Draw your way through complexity

Imagine trying to assemble an IKEA bookshelf without the instructions.

You open the box to find a mess of wooden panels, screws, and dowels—where do you even start? Now, what if the instructions were just a block of text? No diagrams, no step-by-step visuals—just words.

It doesn’t matter how many HAUGA cabinets you have assembled, that would be an overwhelming experience.

That’s exactly how complexity feels when we rely solely on words to navigate it.

Words can get lost in interpretation. Pictures cut through the ambiguity.

Complexity isn’t linear

Complex problems are rarely linear. Yet, we often try to explain them with long emails, dense reports, or never-ending slide decks filled with bullet points.

The result? Everyone walks away with subtly (or significantly) different interpretations of the same information.

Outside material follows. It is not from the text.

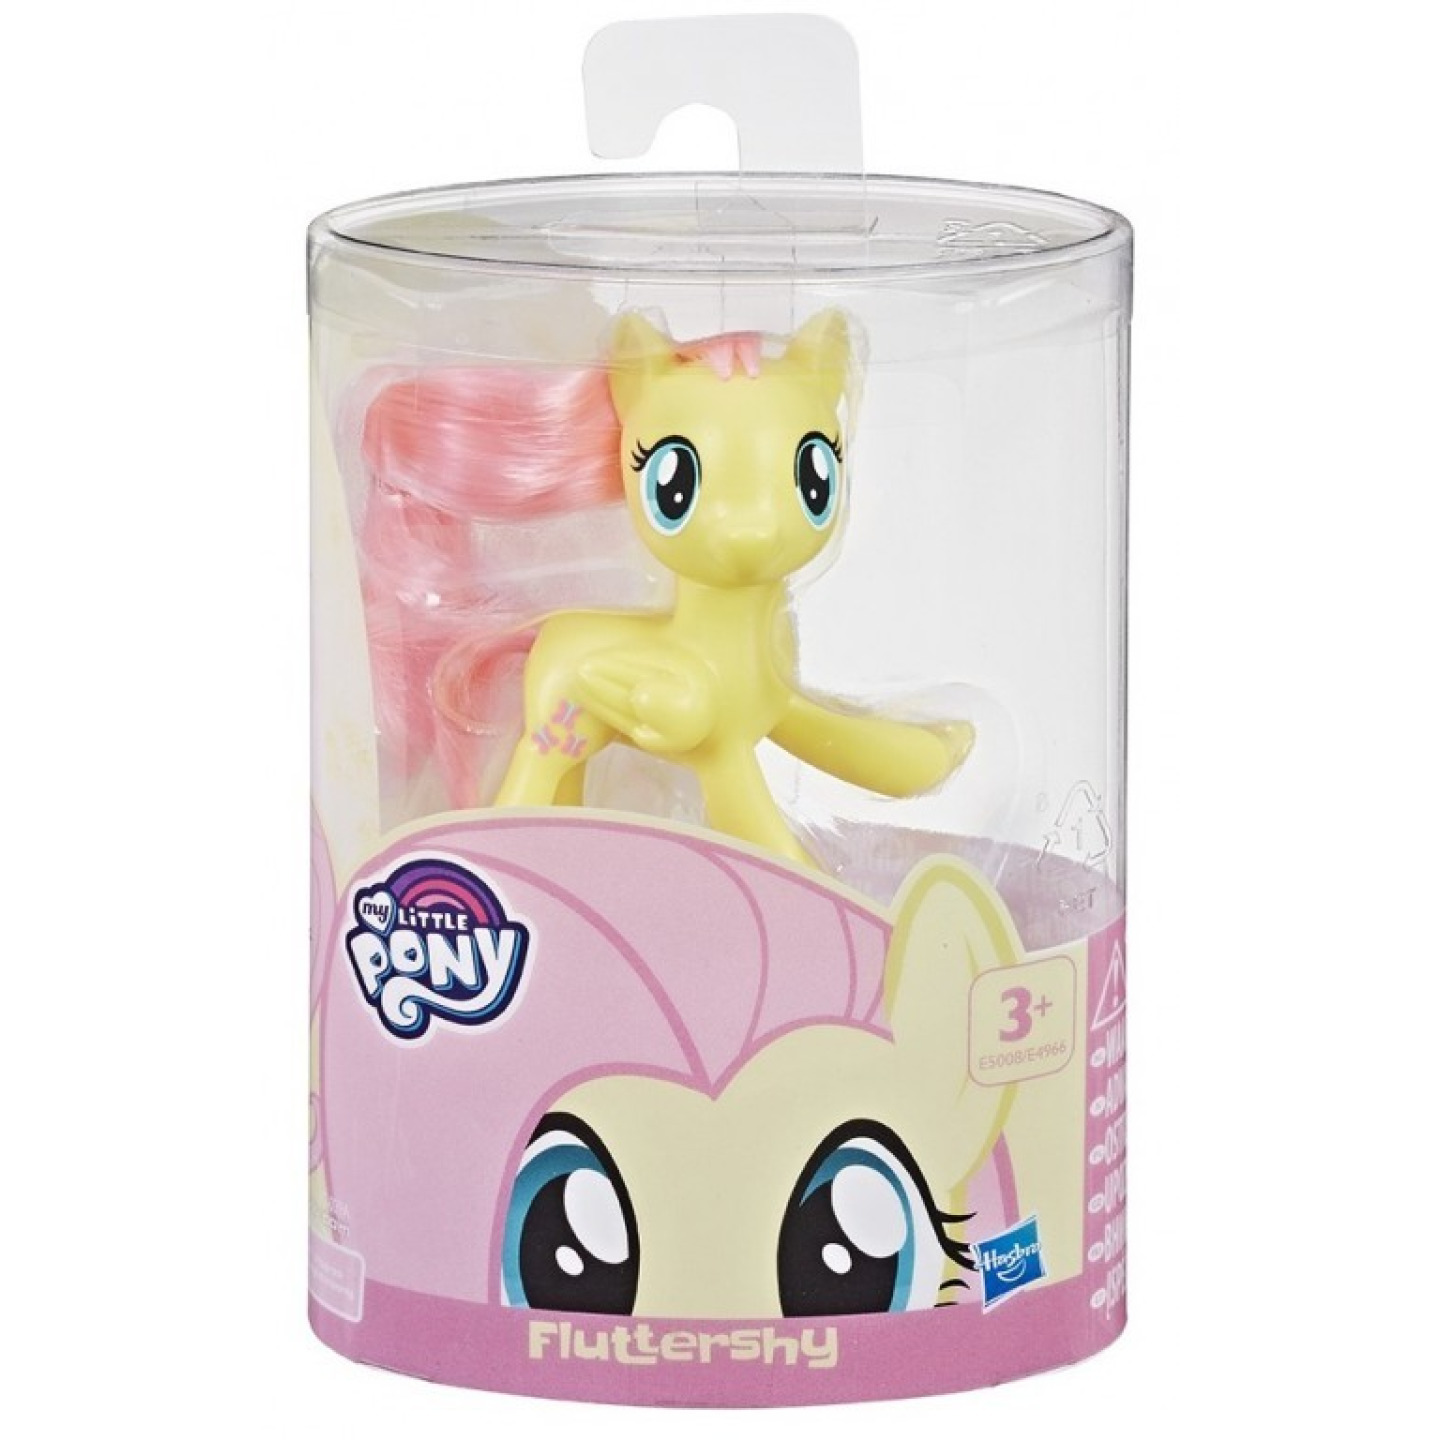 My Little Pony Poníkova hříva Fluttershy, Hasbro E5008

It's not that words are wrong, it's just that our brains are wired for something more.

A well-constructed diagram, a system map, or even a rough sketch on the back of a napkin can transform the way we understand complexity.

Some researchers even argue that all text is ultimately converted into images for mental processing, meaning diagrams essentially shortcut your brain’s workload (Larkin & Simon, Why a Diagram is (Sometimes) Worth a Thousand Words, 1987).

Good visuals reduce ambiguity, accelerate comprehension, and make you smarter.

Visuals reduce complexity

  • They cut through the noise. A dashboard or heatmap can communicate in seconds what would take hours to decipher in a spreadsheet.

  • They create shared understanding. By reducing the potential for misunderstanding, visuals ensure that when people say they’re on the same page, they actually are.

  • They invite collaboration. A blank whiteboard is an invitation to think together. Sketching out ideas externalises them, making it easier to iterate, discuss, and refine solutions collectively.

  • They make the invisible visible. In complex projects, dependencies, bottlenecks, and feedback loops often remain hidden. A systems map or network diagram can reveal these relationships, giving clarity to what was previously unseen.

Research shows that 90% of the information transmitted to the brain is visual, and images are processed 60,000 times faster than text (Medina, Brain Rules, 2008).

Navigate with pictures

Next time you’re wrestling with a complex problem, step back from the details. Grab a whiteboard, a napkin, or a blank page and start sketching. It doesn’t have to be pretty—just functional.

1. Start with a system map. Identify key elements and their relationships. Who's connected to what? What influences what?

2. Locate the boundaries. Define what’s inside and outside the scope—especially where there’s uncertainty.

3. Experiment with different formats. Some ideas work best in a network diagram, others in a timeline, a venn diagram, or even an iceberg model showing visible vs. hidden factors.

4. Iterate. Your first sketch won’t be your best. Like any good idea, refining it will reveal deeper insights.

Take a current challenge in your project and try sketching it out.

Then step back and ask:

-        What does this reveal that words alone didn’t?

-        What do you see that you didn't see before?

In a world drowning in complexity, a good picture can be a lifeline.